Directions for this task: Reproduce exactly the line containing "The Texas Department" and each line after it until the listing ends, leaving pictures out.

Source data:
::::
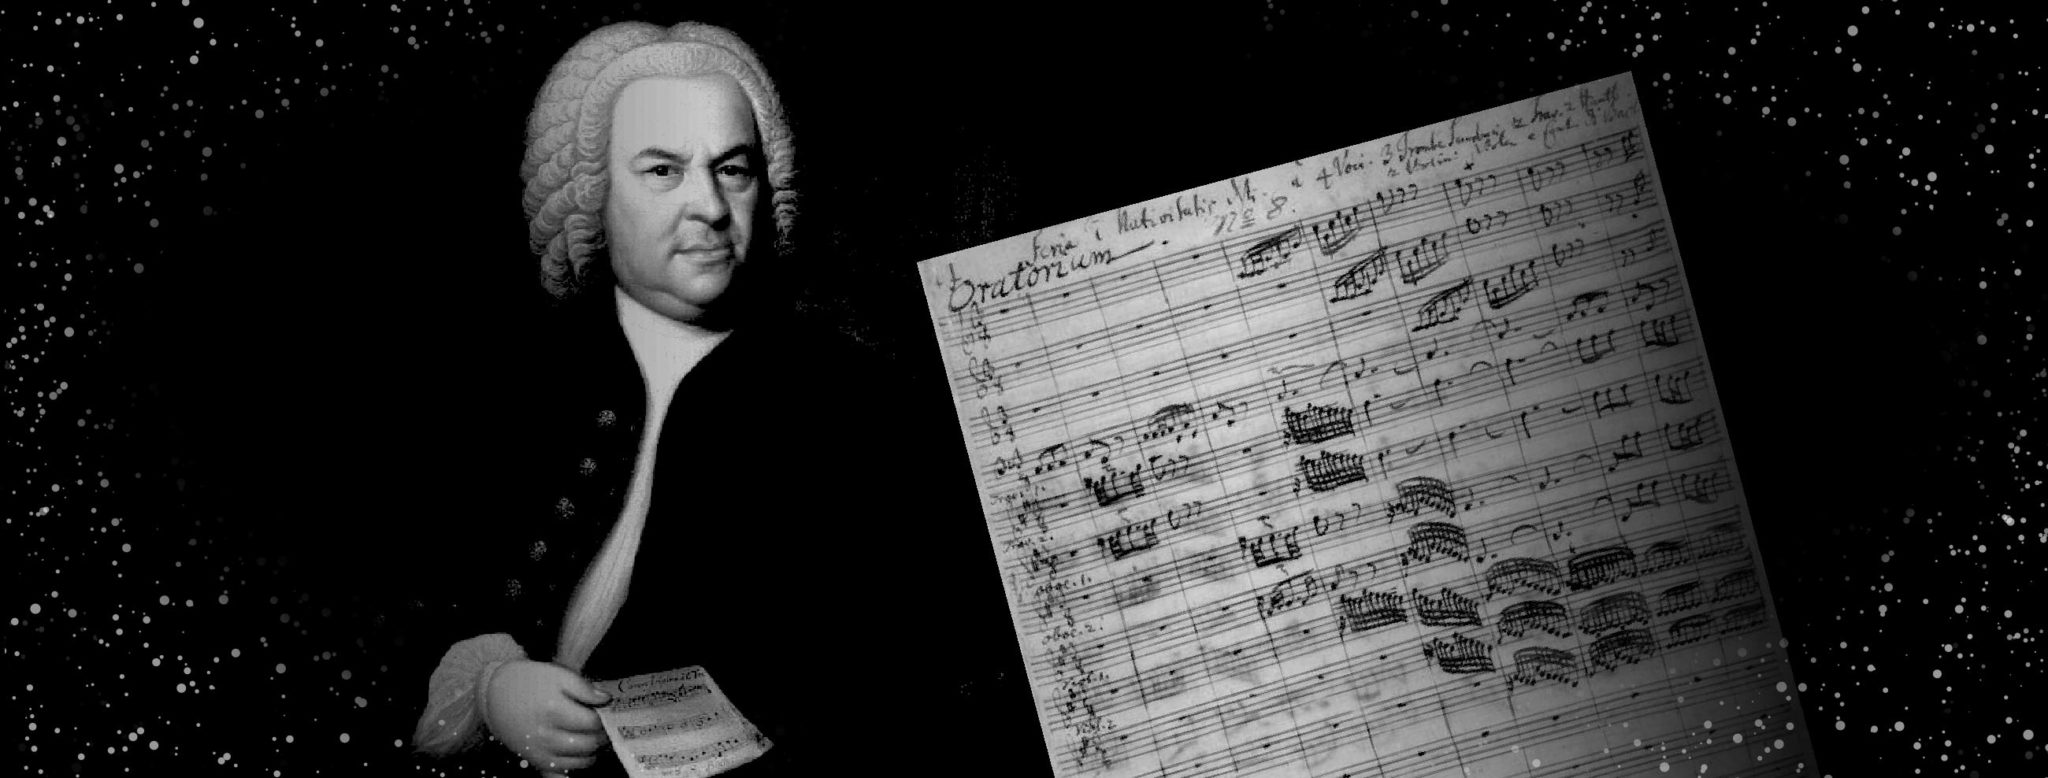 Photo of Bach Manuscript via Petrucci Music Library. Photo of Bach via Wikimedia Commons. Graphic: Classical.org.
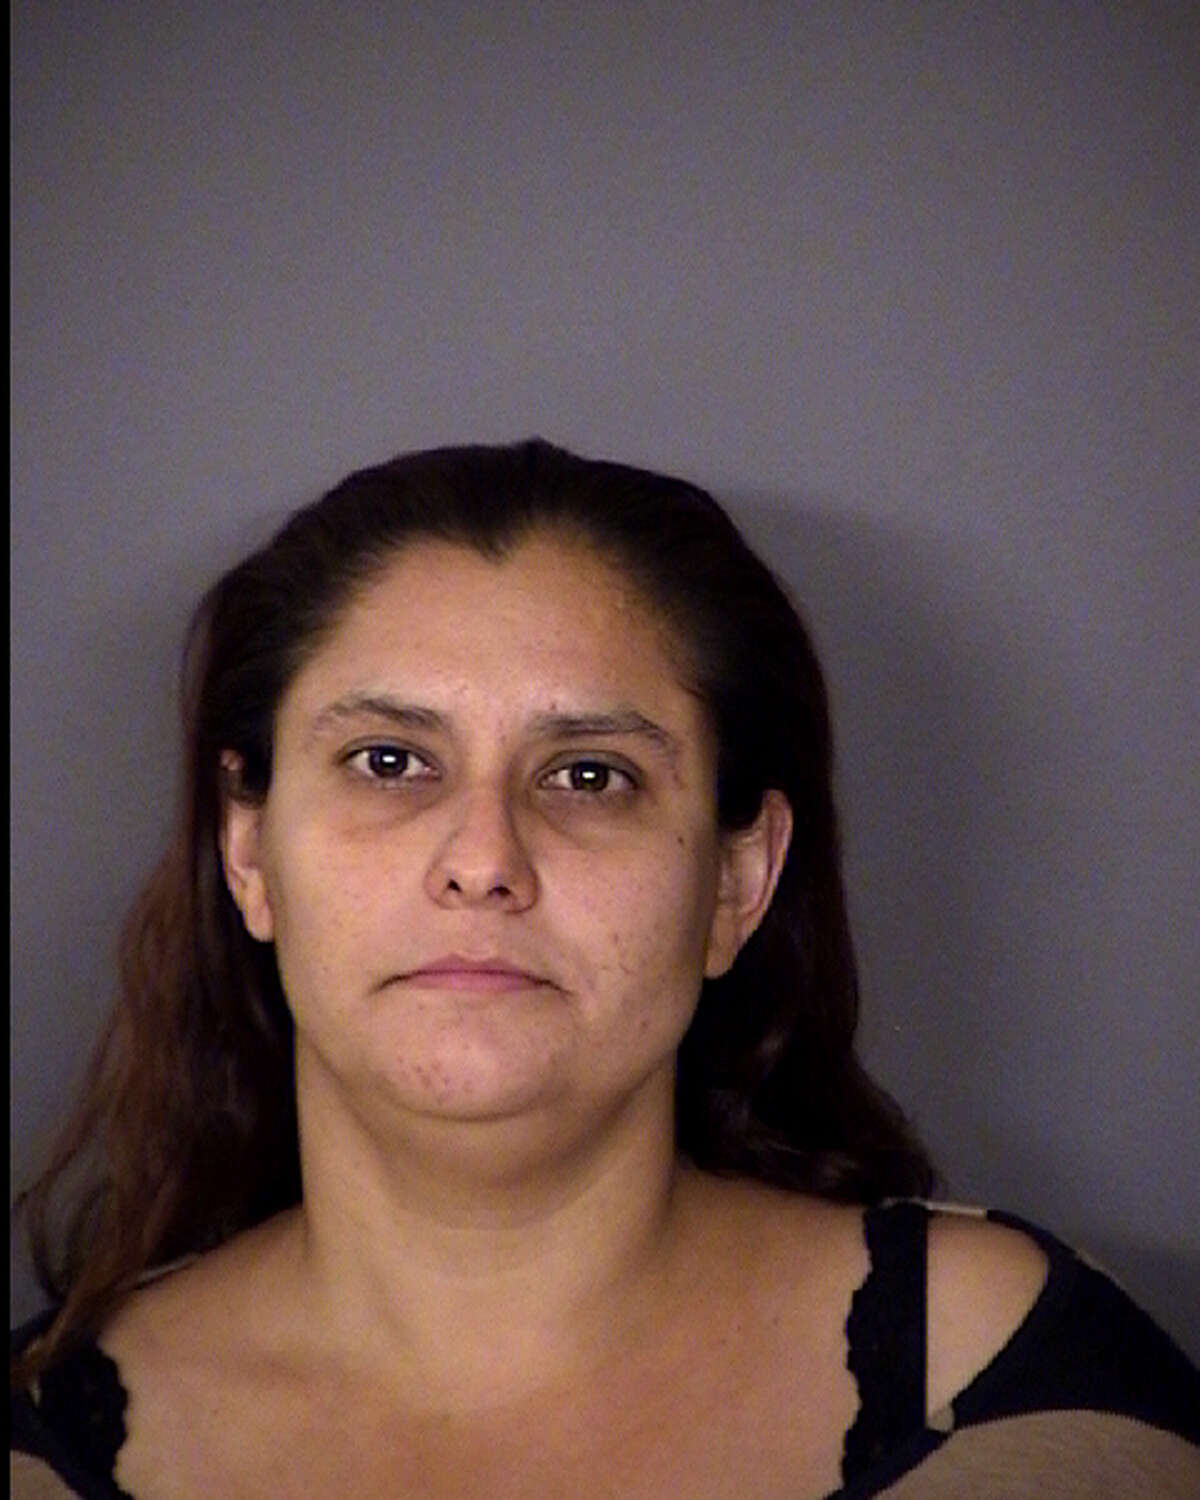 The Texas Department of Public Safety arrested and charged Marcelina Adame, 35, with compelling prostitution of a minor on Friday.
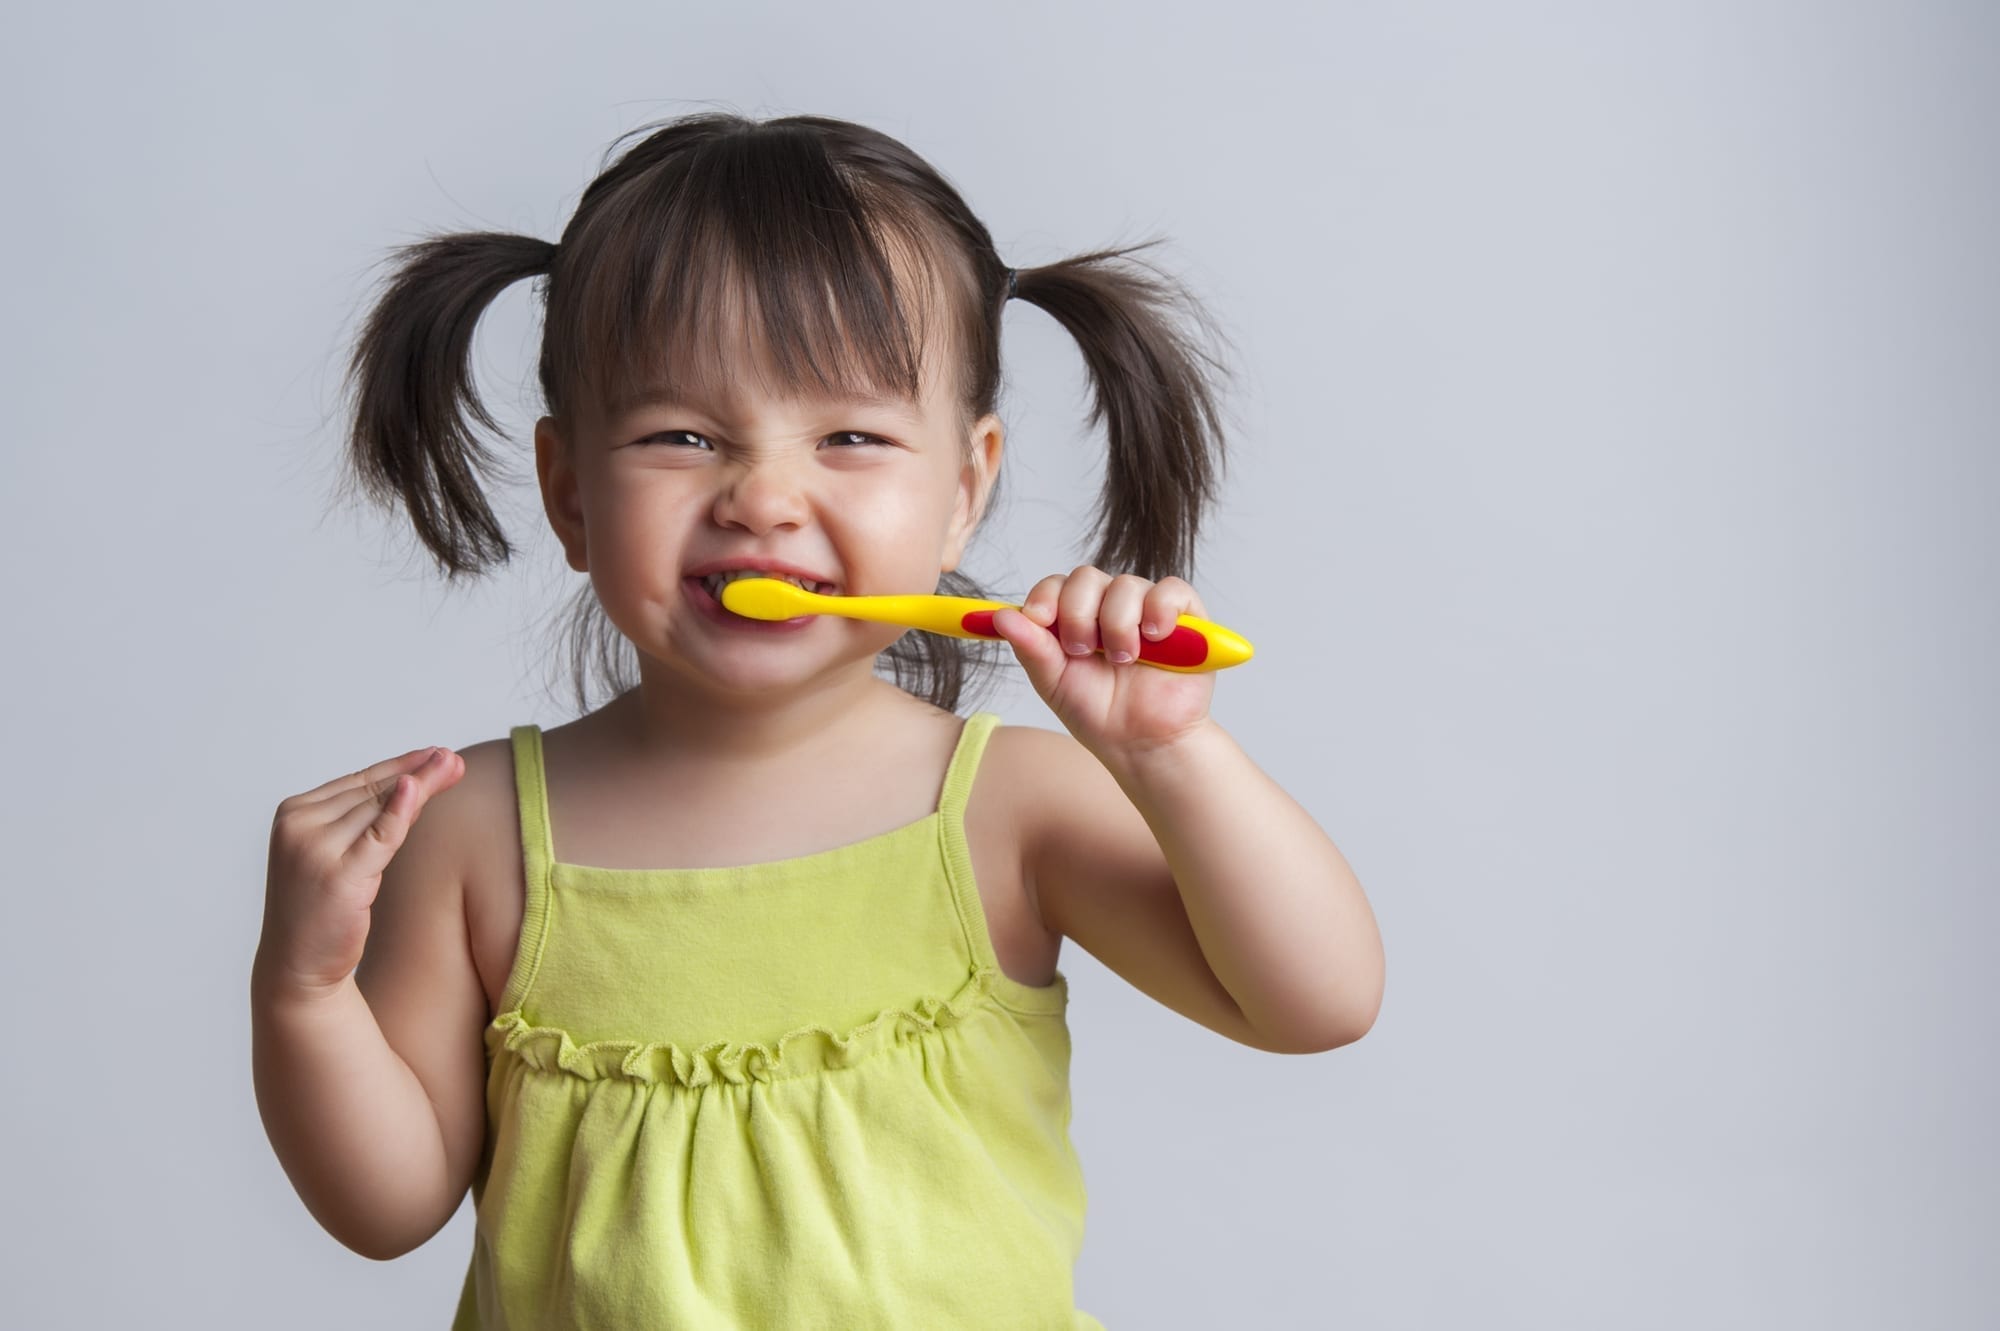 Top 10 Q&A About Dentistry for Kids
::::
Answer to the problem:
 The Texas Department of Public Safety arrested and charged Marcelina Adame, 35, with compelling prostitution of a minor on Friday.
 Top 10 Q&A About Dentistry for Kids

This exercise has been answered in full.